R ¹ , R ² , R ³ and X in the formula (6) are the same as those in the formula (2).

R ¹ -CHO (7)
R ¹ in the formula (7) is the same as in the formula (5).

  As the strong basic compound which acts on the compound of the formula (6) to generate an anion, an alkyl metal compound, an alkali metal or the like can be used. Specifically, alkyllithium compounds such as n-butyllithium, s-butyllithium, t-butyllithium and phenyllithium, and n-butylmagnesium chloride, s-butylmagnesium chloride, t-butylmagnesium chloride, n-butylmagnesium Grignard compounds such as bromide, s-butylmagnesium bromide and t-butylmagnesium bromide. Specific examples of the alkali metal include lithium metal and sodium metal. Preferred examples of the strong basic compound include n-butyllithium, n-butylmagnesium chloride and n-butylmagnesium bromide. The preferred use amount of the strong basic compound is preferably 0.7 to 1.3 chemical equivalents, more preferably 0.9 to 1.1 chemical equivalents, with respect to the compound of the formula (6).

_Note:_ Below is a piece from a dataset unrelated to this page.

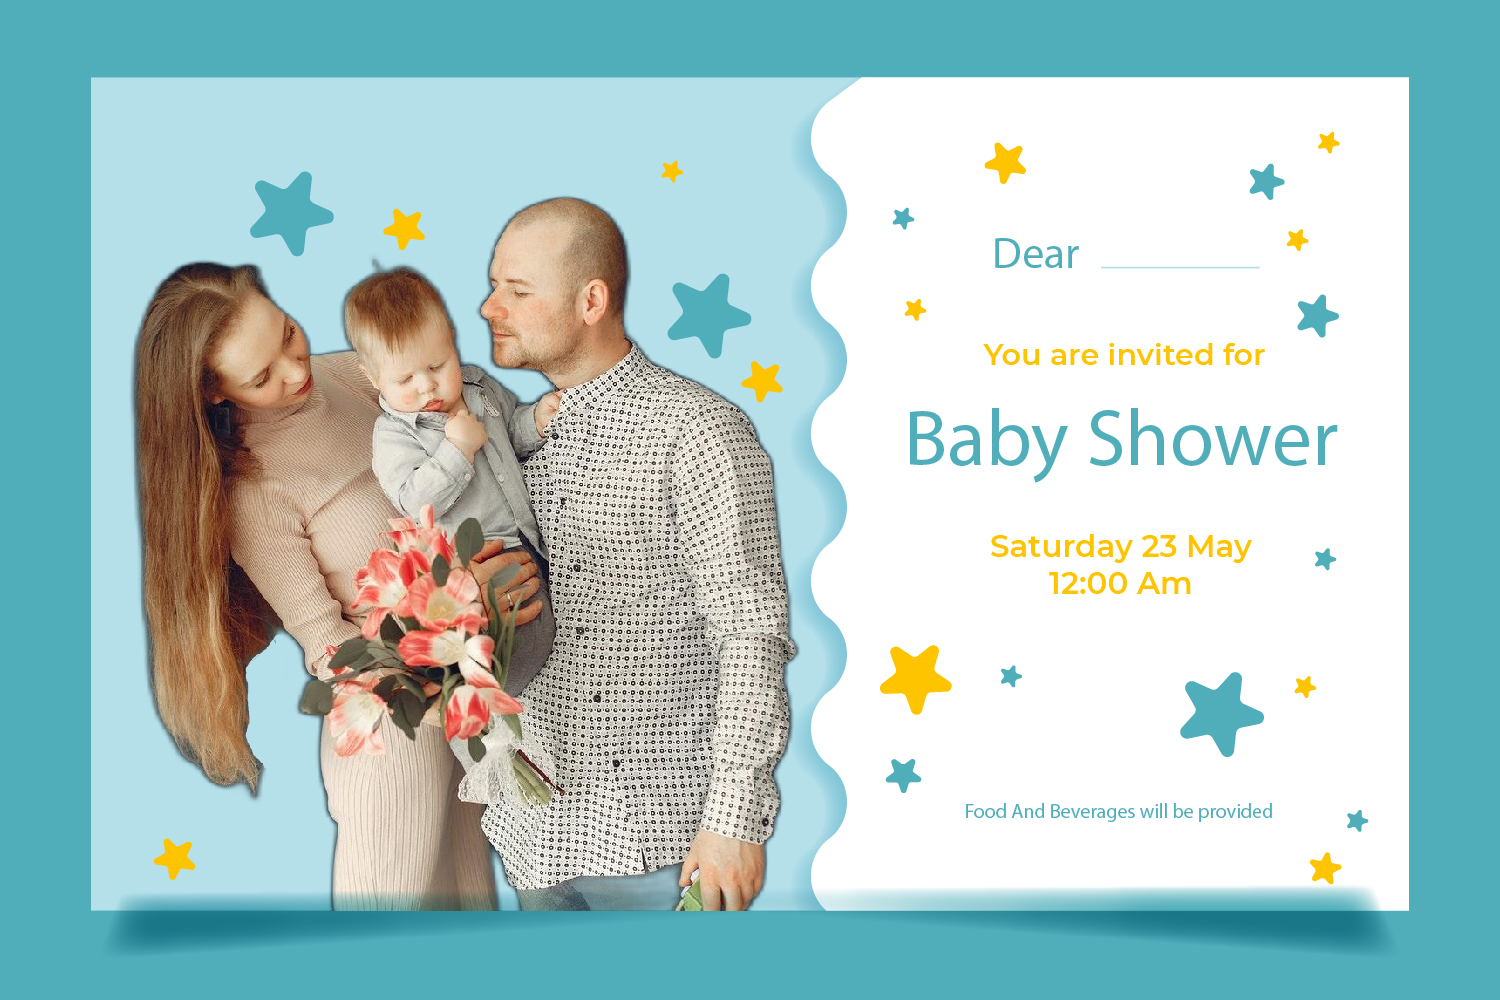 Image of a baby shower invitation card using no-bg background removal service

  The reaction between the compound of formula (6) and the strongly basic compound is preferably carried out in an aprotic solvent, and includes tetrahydrofuran, 1,4-dioxane, diethyl ether, 1,2-dimethoxyethane, hexamethylphosphoric Amide, N, N-dimethylpropylene urea, a mixed solvent thereof and the like can be suitably used. The reaction temperature is preferably from -100C to 25C, more preferably from -80C to 0C. The reaction time varies depending on the conditions, but is usually several minutes to several tens of minutes.

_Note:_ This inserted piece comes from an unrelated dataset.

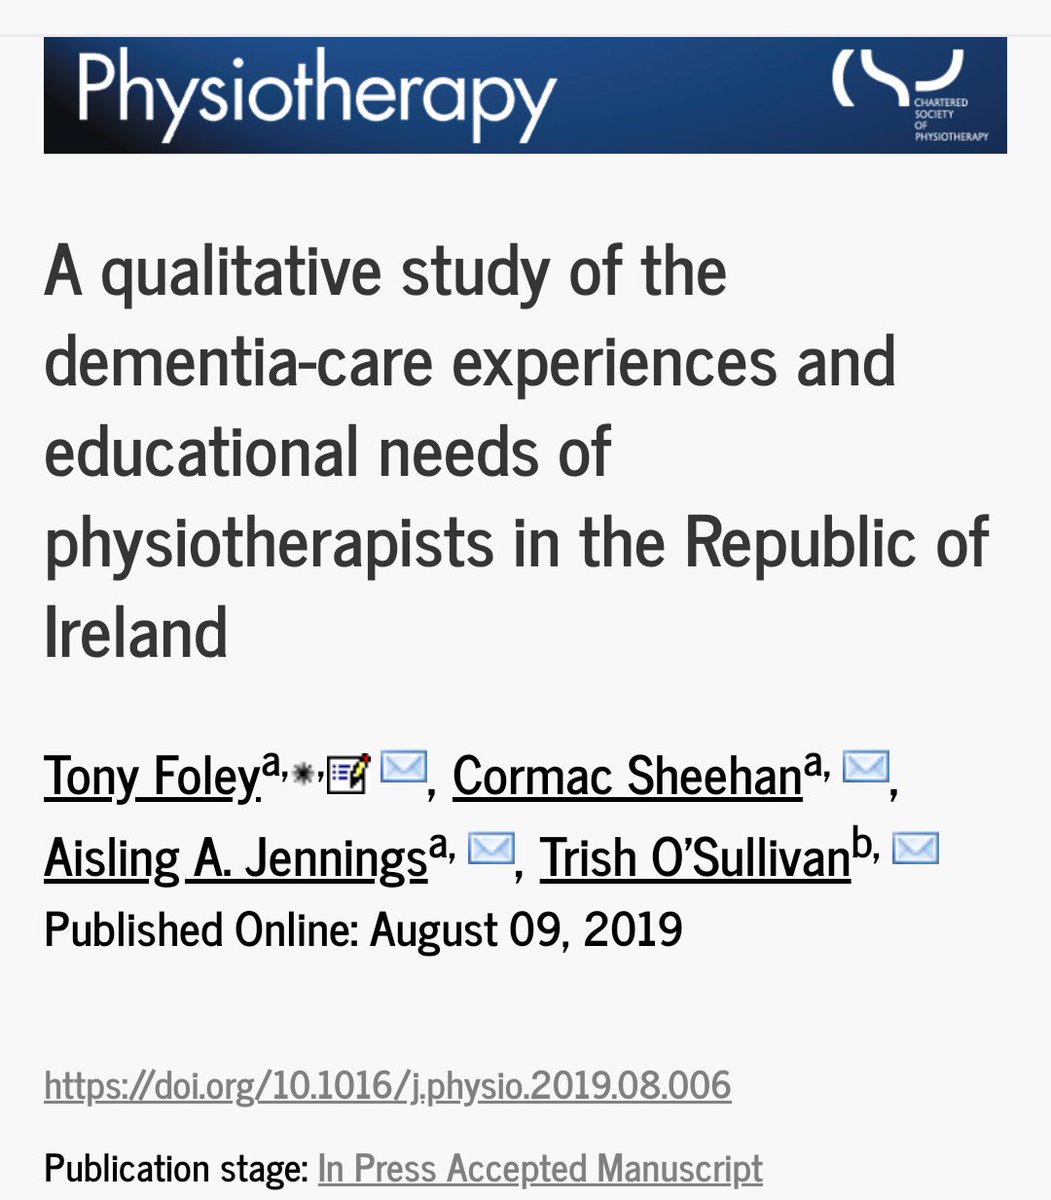 Congratulations to my colleague @TrishLyons4 and team on this excellent paper #dementia #researchledteaching @uccphysio

  The aldehyde of the formula (7) is added to a reaction vessel containing an anion formed by the reaction between the compound of the formula (6) and the strongly basic compound. The reaction temperature at that time is preferably from -100 ° C to 25 ° C, and more preferably from -80 ° C to 0 ° C. The reaction time varies depending on the conditions, but is usually several minutes to several tens of minutes. After completion of the reaction, the compound of the formula (5) can be isolated and purified by a known method such as solvent extraction or column chromatography.

  The compound of the formula (6) can be synthesized, for example, by substituting the hydroxyl group of the compound represented by the following formula (8) with a toluenesulfonyl group or a benzenesulfonyl group by a known method.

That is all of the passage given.